Garlic involves some labor at the begining in the planting.  During the growing season, you pull the occasional weed, and you turn on the soaker hose consistently.  It's pretty care free as it has no predators.  I keep a cage on it anyway so the deer don't bed down in it.  Then at the end you dig it out and put it in drying racks for 3 weeks, trim the stems down, dry for 3 more weeks, and then box up and put in a cool, dark place to store.  I spend maybe 2 hours total, so selling 6 bags of garlic would be more than enough to pay me back for my time, plus I get a lot of garlic out of it, too, for my family.

It's time to turn the onions over, too.  They need to be trimmed down the rest of the way and dried out for 3 more weeks.  And it is time to start digging up the potatoes.  Most of the plants are completely dead.  The rest can go another week.

DH is going salmon fishing.  Apparently they can only get 2 each, which sucks.  In Alaska they get to bring home 6 fish each on each type of salmon and some they can bring home 25 to 30 per household.  Then B.C. gets a ton.  No wonder there's no fish by the time it reaches Washington.  I'm okay with the tribes getting their share, they deserve that above anyone else, it's all the other folks getting tons and tons with crazy high limits that bugs me, while we have dinky ones.

It used to be worth the gas money to go out when gas was cheap, but it isn't really anymore, especially with only 3 of them going out to split the cost.  And that's assuming they catch any fish.  Otherwise, I'd just as soon go to the grocery store and buy 2 whole wild caught coho salmon.  It'd cost less, unless they come home with monsters.  I'd be tempted to get a fishing license and go out so we could get two more fish, but again, we could just buy a fish with the cost of the license.  This is probably the last trip of the season, too.

Mom wants to do a dump run on Sunday.  Well, she wanted to do it on Saturday, but fishing.  She's probably going to pout about it for the rest of the week that it isn't on the day she wanted, and then forget what day of the week it actually is, think it is Sunday on Saturday (happens a lot on the weekend), stomp around and have a martyr complex that slips into an "Oh, woe is me," thing, until someone reminds her it isn't Sunday and she'll snap out of it like she wasn't behaving that way at all and not apologize to anyone for acting that way.  Gotta love dementia.  Monday through Thursday are generally pretty good, though.
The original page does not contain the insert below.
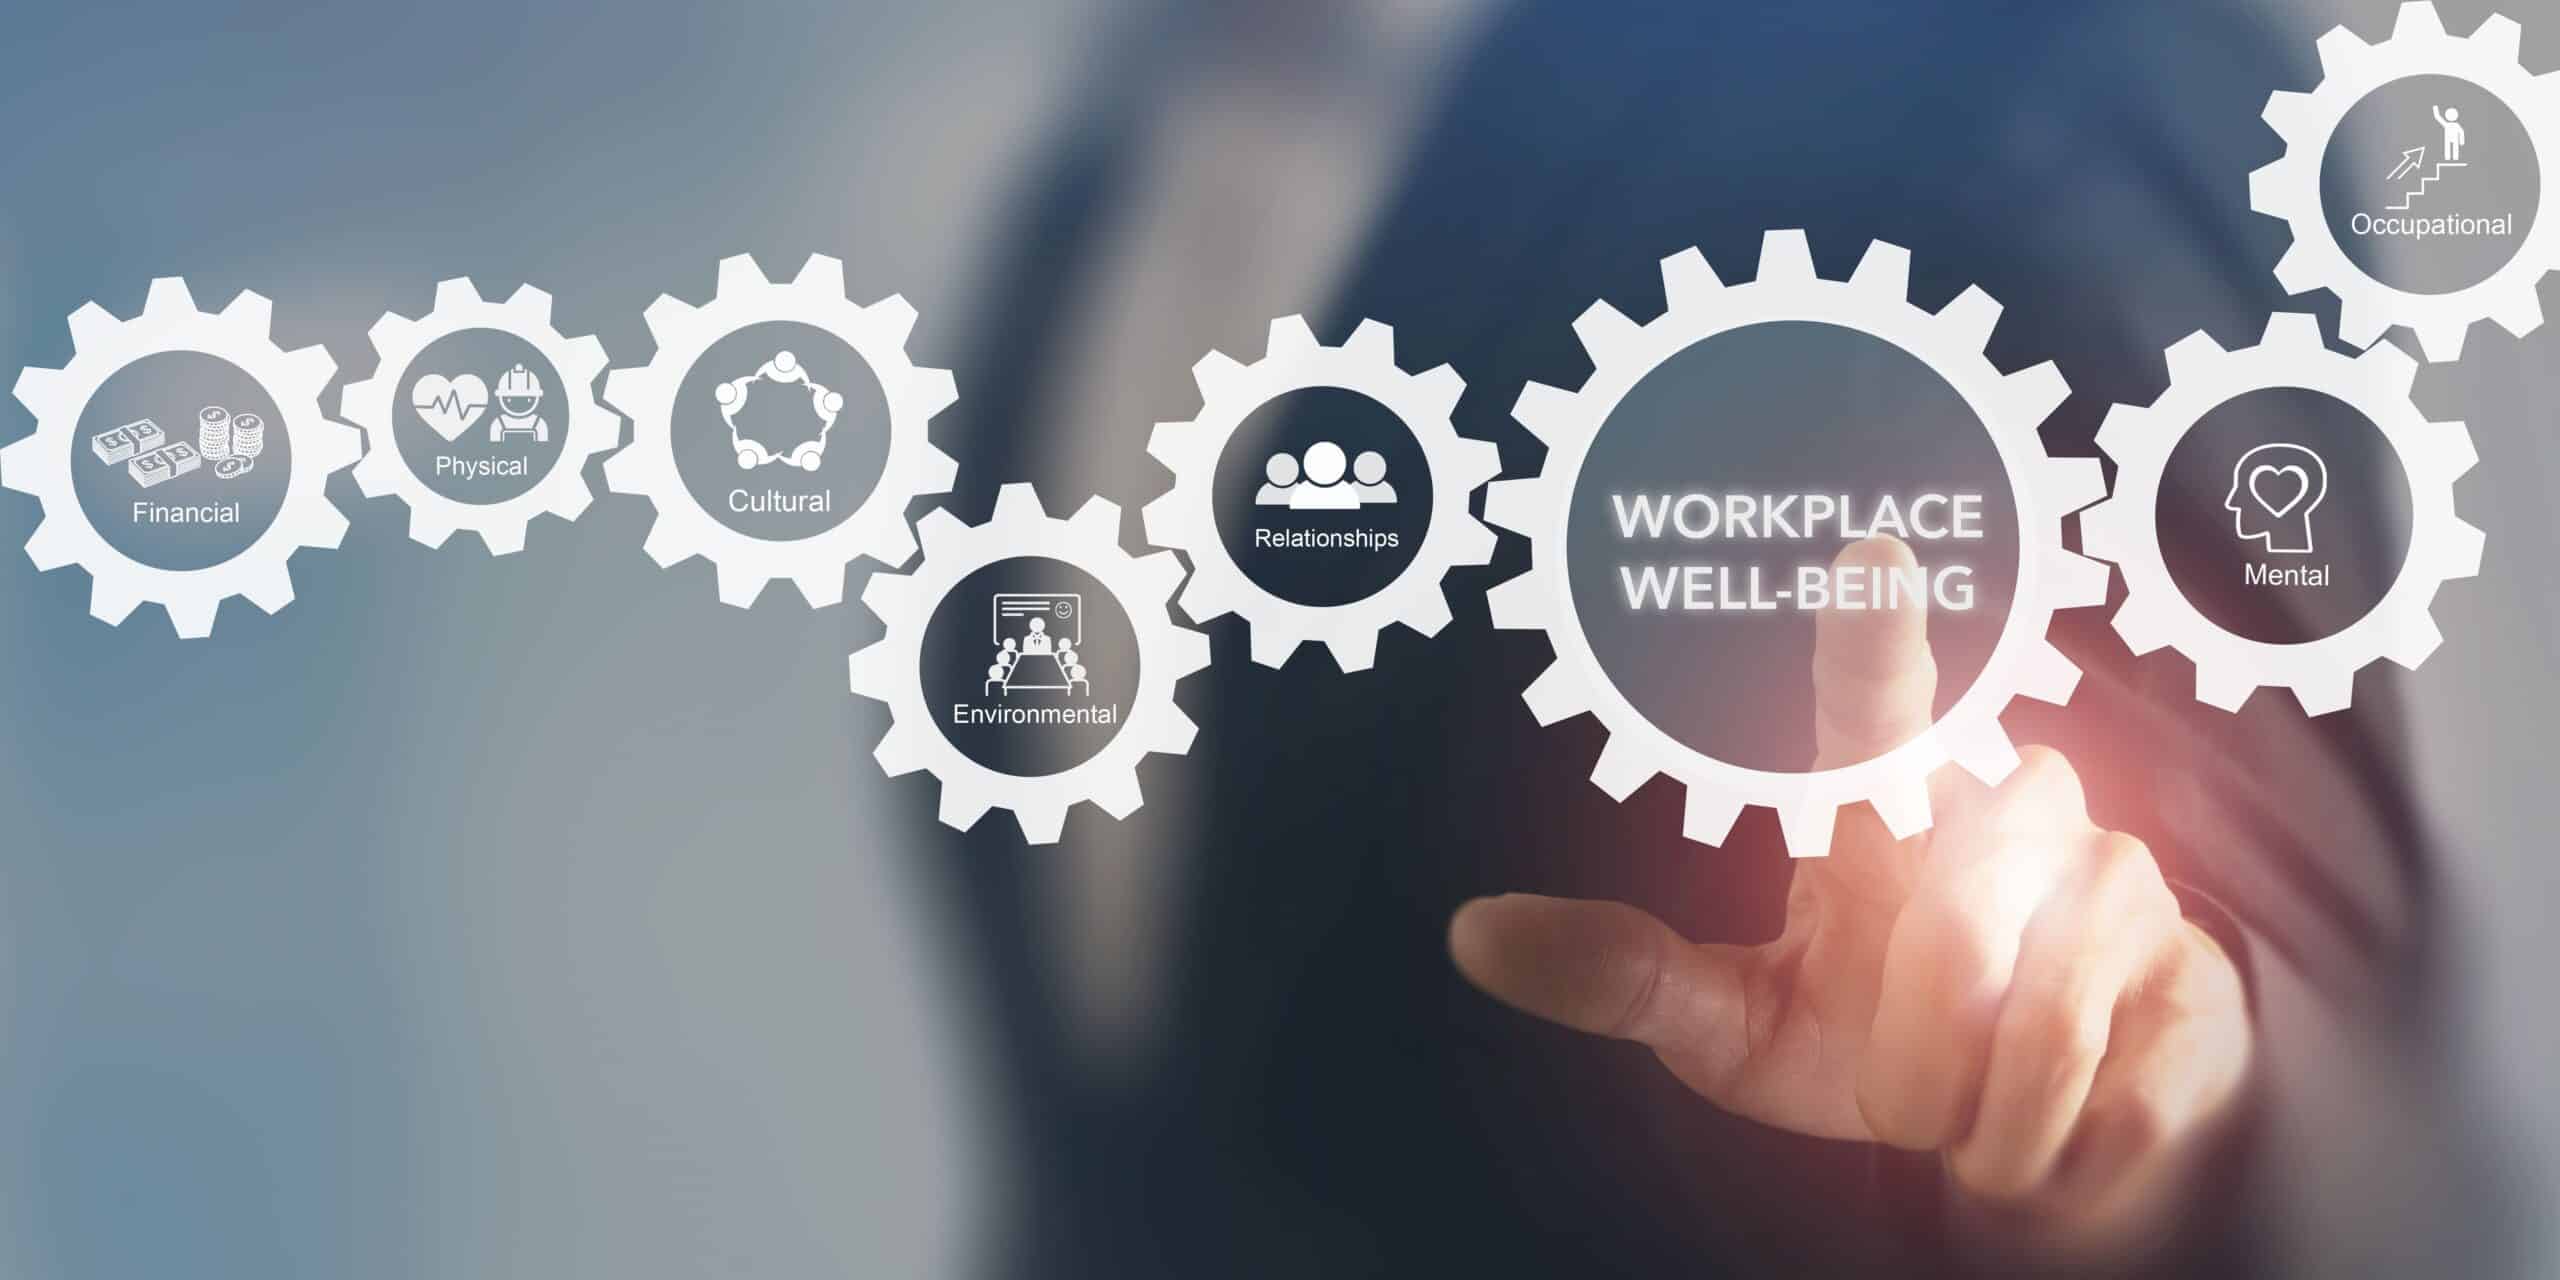 A series of interconnected cogs contain a series of words; financia, physical, cultural, eenvironmental, relationships, mental, occupational and workplace well-being. A man is touching the 'workplace wellbeing' cog.

I picked another 2 pounds of tomatoes yesterday.  It was mostly the little yellow pear ones.  I need to wash, destem, quarter, and roast tomatoes, so I can make roasted tomato ketchup.  I saw a lady make it on youtube and it looks so good.  I might have enough yellow tomatoes to make one jar of just yellow ketchup.  That would be interesting.  I love making roasted tomato spaghetti sauce, so I can't imagine this wouldn't be good, too.

I got my first purple green beans yesterday.  They grow purple, but turn green when cooked.  It's about 2 quarts.  It's not enough to run the canner, but considering the way this summer went, I am grateful to have gotten any.  The canner instructions say to run it with 4 jars, and I don't want to do pints of green beans, because we eat a cup each at dinner.  But if I hold off for 2 days, there might be enough ready to do 4 quarts.  There were some that were almost ready and there were some that could be ready since I gave them a good soaking and we are back to weather in the mid-seventies again.  Or I could just run them with pints of carrots, since carrot pints and green bean quarts run for the same amount of time and I am almost out of carrot pints.  Then I could do a full canner load and I can do that again when I have more green beans.  Two birds, one stone and food on the shelf.  Perfect.

I would have canned it with the ketchup, but that is waterbath canning and the other is pressure canning and they take different times.  Food safety first and foremost.  I really hope the ketchup turns out well.  I'd hate to waste all those tomatoes.

 

1 Responses to “Selling Garlic and Salmon Fishing”

  1. rob62521 Says:
    1664149169

    Good plan on the garlic and hopefully getting enough to plant and also sell.

    That's cool about your purple green beans turning green when they cook. Does the water turn purple when you cook them?